Today you have the right to work and do what you want so there is no submission. Absolutely 100% of the veiled women I know chose it out of conviction and I’m happy with it. They are teachers, doctors and people from my family or those around me, so this doesn’t stop them from having a fully fulfilled life. This submission exists, but it’s not my case and it’s not something I see in my everyday life. I am very feminist, I grew up with two brothers, so I will not be trampled on.

Sonia

For the two women, the extremist images conveyed exist to create fear and this is true for all cults. As if a woman couldn’t make the choice to get spiritually involved on her own, she would necessarily be coerced by a man.

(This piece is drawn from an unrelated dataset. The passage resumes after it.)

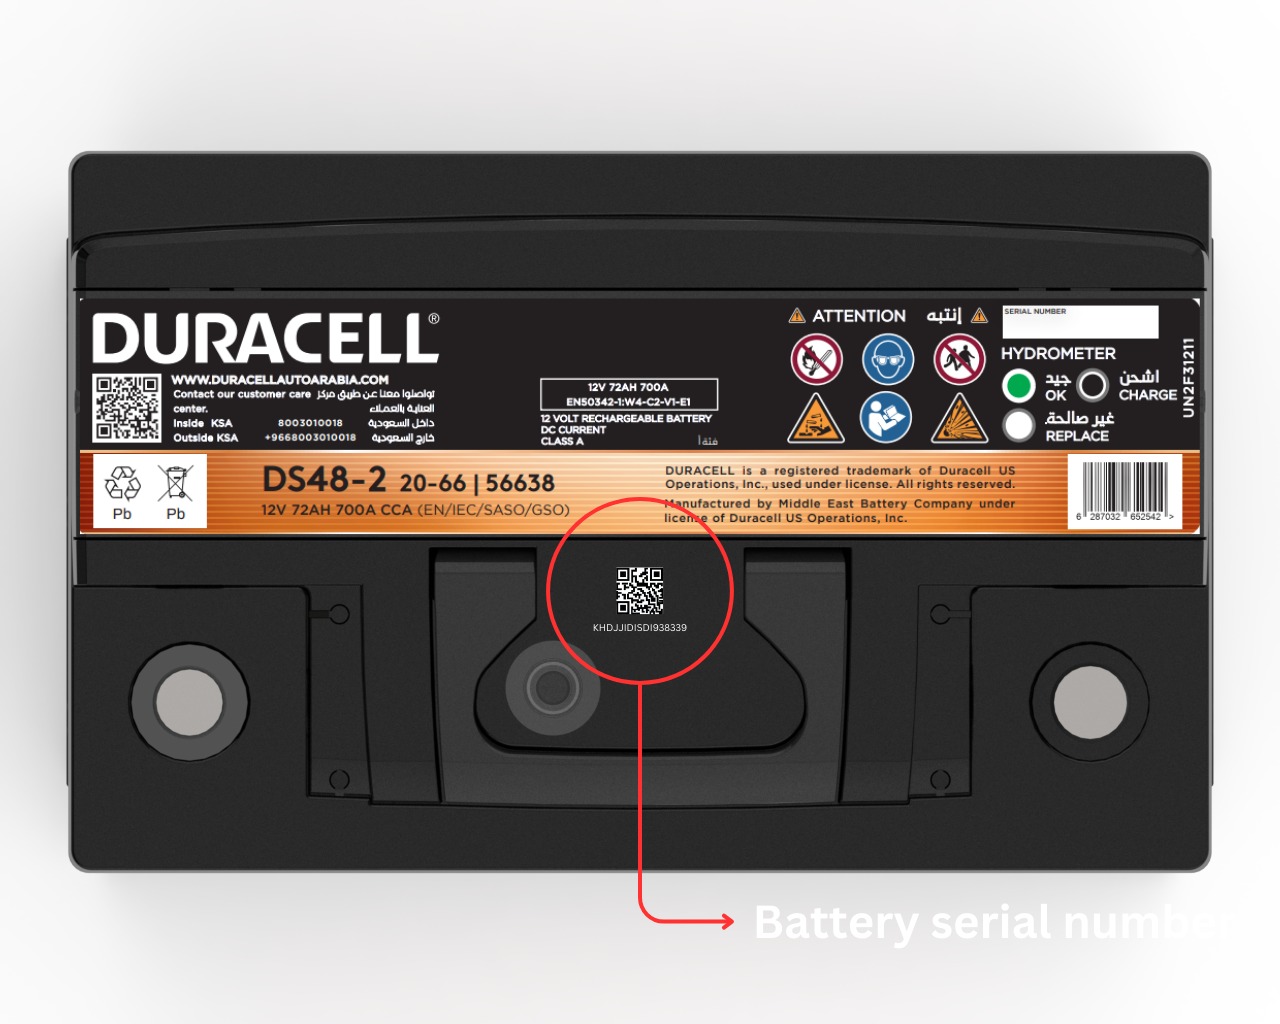 Duracell serial Number

In fact, it makes me laugh when we say it, because in the end these are people who are not even knowledgeable about the culture. I just want to tell them to educate themselves, to go talk to the fellow practitioners and ask them the question directly. They will see that a Muslim woman is absolutely not submissive. Women who wear the veil, in general, wear it by choice for the most part. In Islam there is no submission, we are only subject to God, not to any man.

Miriam

Choose a lifestyle oriented towards spirituality, whatever the object of his cult it is not an obstacle to making romantic encounters. There are many ways to meet men who share the same faith interests. Furthermore, regardless of the culture we embrace, this does not prevent us from having feminist values ​​and living our commitments as everyone wishes.

Are you of Muslim faith? Why Choose Hawaya Dating App:

In addition to the fact that this very melodious name means my love in Arabic, Hawaya allows online dating to be compatible and adapted to the life that Muslim women have chosen. Hawaya’s men share:

  • The same way of life and the same vision of the couple
  • The desire to build a serious relationship
  • The same cultural beliefs and values

The meetings are held with respect and with the consent of all, and in a safe way thanks to the moderators.